With the .NET 4.5 release developers can now create objects that exceed the 2 GB per object limit only in x64 environments. In order create these large objects the application must enable the element gcAllowVeryLargeObjects in the run-time schema. This run-time schema controls the behavior of the .NET garbage collection system.

    <gcAllowVeryLargeObjects enabled="true" />

These very large objects are subject to the following reasonable restrictions

  1. The maximum number of elements in an array is UInt32.MaxValue.
  2. The maximum index in any single dimension is 2,147,483,591 (0x7FFFFFC7) for byte arrays and arrays of single-byte structures, and 2,146,435,071 (0X7FEFFFFF) for other types.
  3. The maximum size for strings and other non-array objects is unchanged.
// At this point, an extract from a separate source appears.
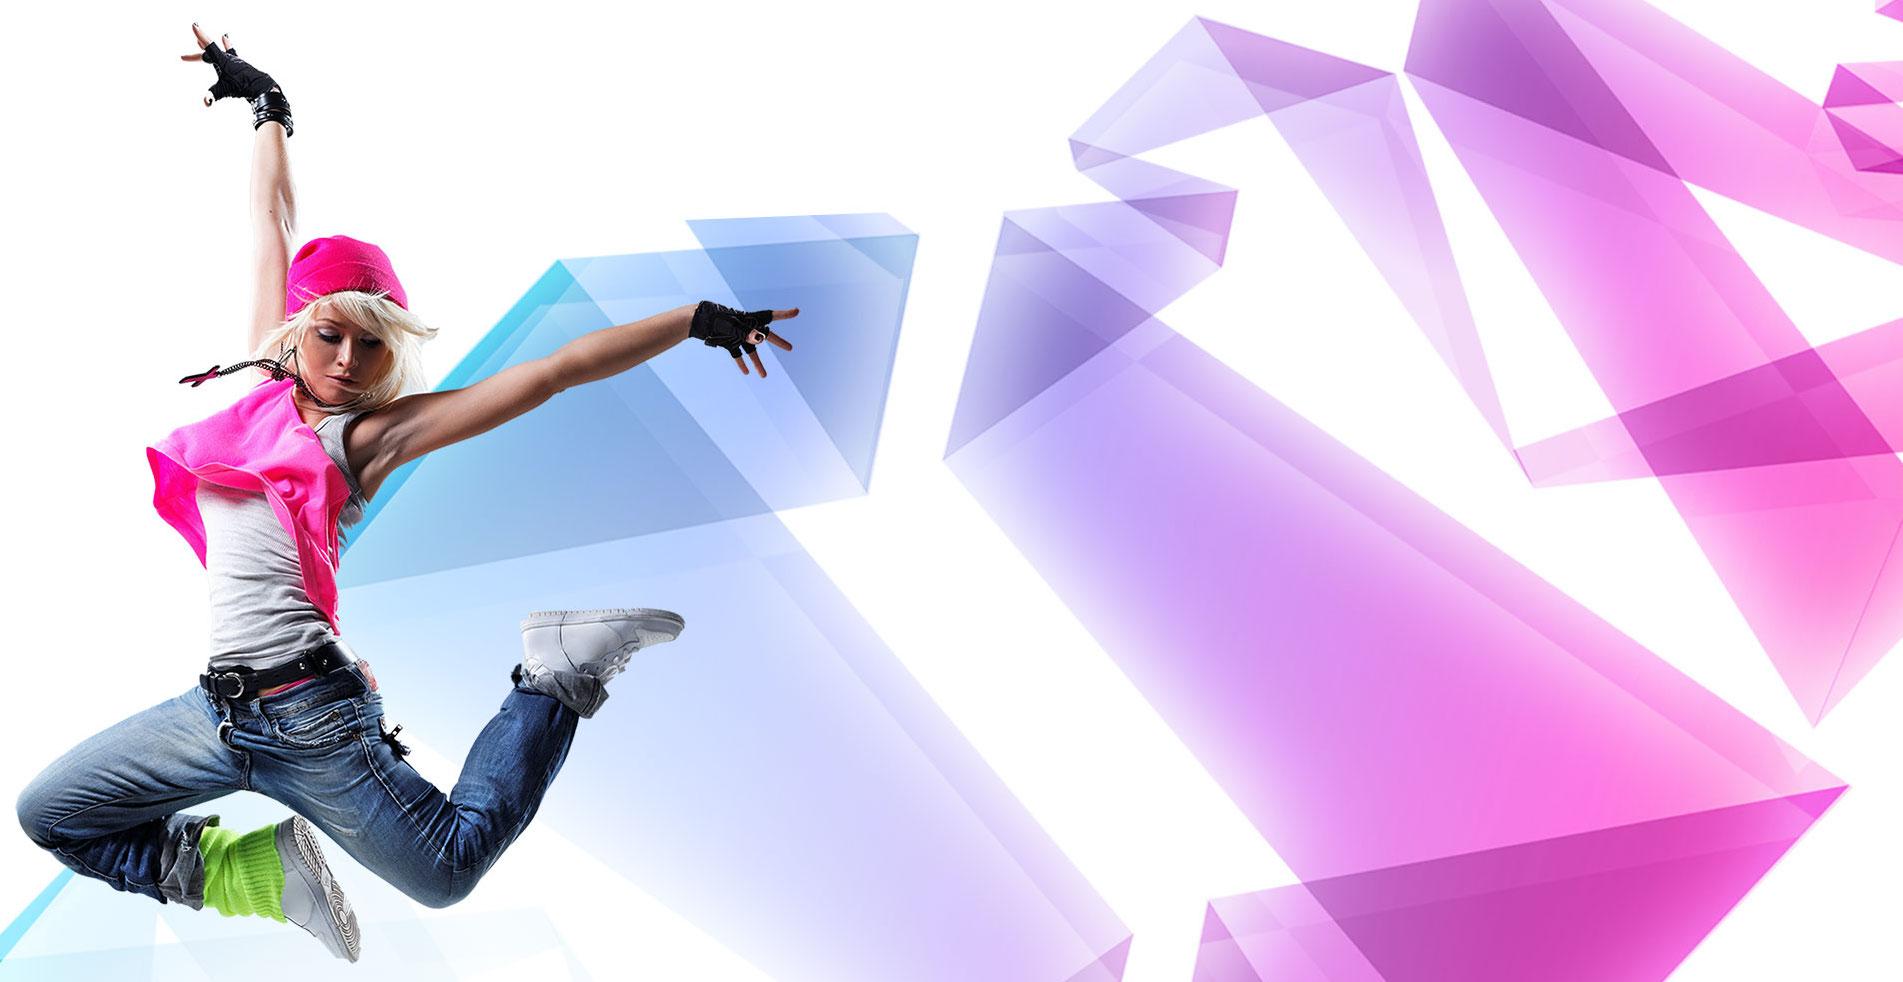 DanceSuranceHeaderFemale1

The brief Microsoft documentation note can be found here.

What does this mean for NMath?

First NMath has not yet been released with .NET 4.5 (as of July 2012) so all of the following will hold in the future under such a release. All current releases are still subject to the limits outlined above. So looking to the near future, underlying all NMath vectors and matrices is a contiguous 1-D array. This means that for matrices the number of elements must be less than 2,146,435,071. The same holds for vectors. The following table summarizes the maximum size of various NMath objects under .NET 4.5 on a x64 OS with gcAllowVeryLargeObjects enabled.

Class object Maximum size - elements Memory size - bytes
FloatVector 2,146,435,071 7.996 GBytes
DoubleVector 2,146,435,071 15.992 GBytes
FloatMatrix 2,146,435,071 7.996 GBytes
DoubleMatrix 2,146,435,071 15.992 GBytes

The Complex versions of these classes would have the same maximum number of elements but occupy twice the memory. This also means that we will soon be able to allocate a square matrix with a maximum size of [ 46329 x 46329 ].

– Trevor & Paul

NMath 5.3

We have confirmed that the currently shipping version of NMath (version 5.3) can handle very large objects if you use gcAllowVeryLargeObjects and you are targeting .NET 4.5. We have created DoubleMatrix objects as large as 30,000 x 30,000 in this way. That’s a 6.7GB object.

– Trevor

Large Matrices in a Web Environment

It was reported to CenterSpace that the configuration change did not work in web environments. We confirmed this to be true. The good news is that there’s a workaround developed by Microsoft. A Microsoft developer says:

Essentially, the reason it can’t be done at the application-level Web.config is that this particular setting can only be set per-process and only when the CLR is initializing. Since the CLR is already initialized by the time we start reading your Web.config, it’s too late to do anything about it at that time. Using CLRConfigFile should work around this by allowing you to specify an intermediate configuration file that the CLR can use for initialization. Then once the CLR is up, ASP.NET will read your Web.config and run your application as normal.

More info here: here

We have verified that this works.

– Trevor

3 thoughts on “Large matrices and vectors

  1. Trevor,
    Any furhter update on this? 2GB limit on 64-bit systems is restricting. Large engineering simulations can easily have 100,000+ equations. Thanks.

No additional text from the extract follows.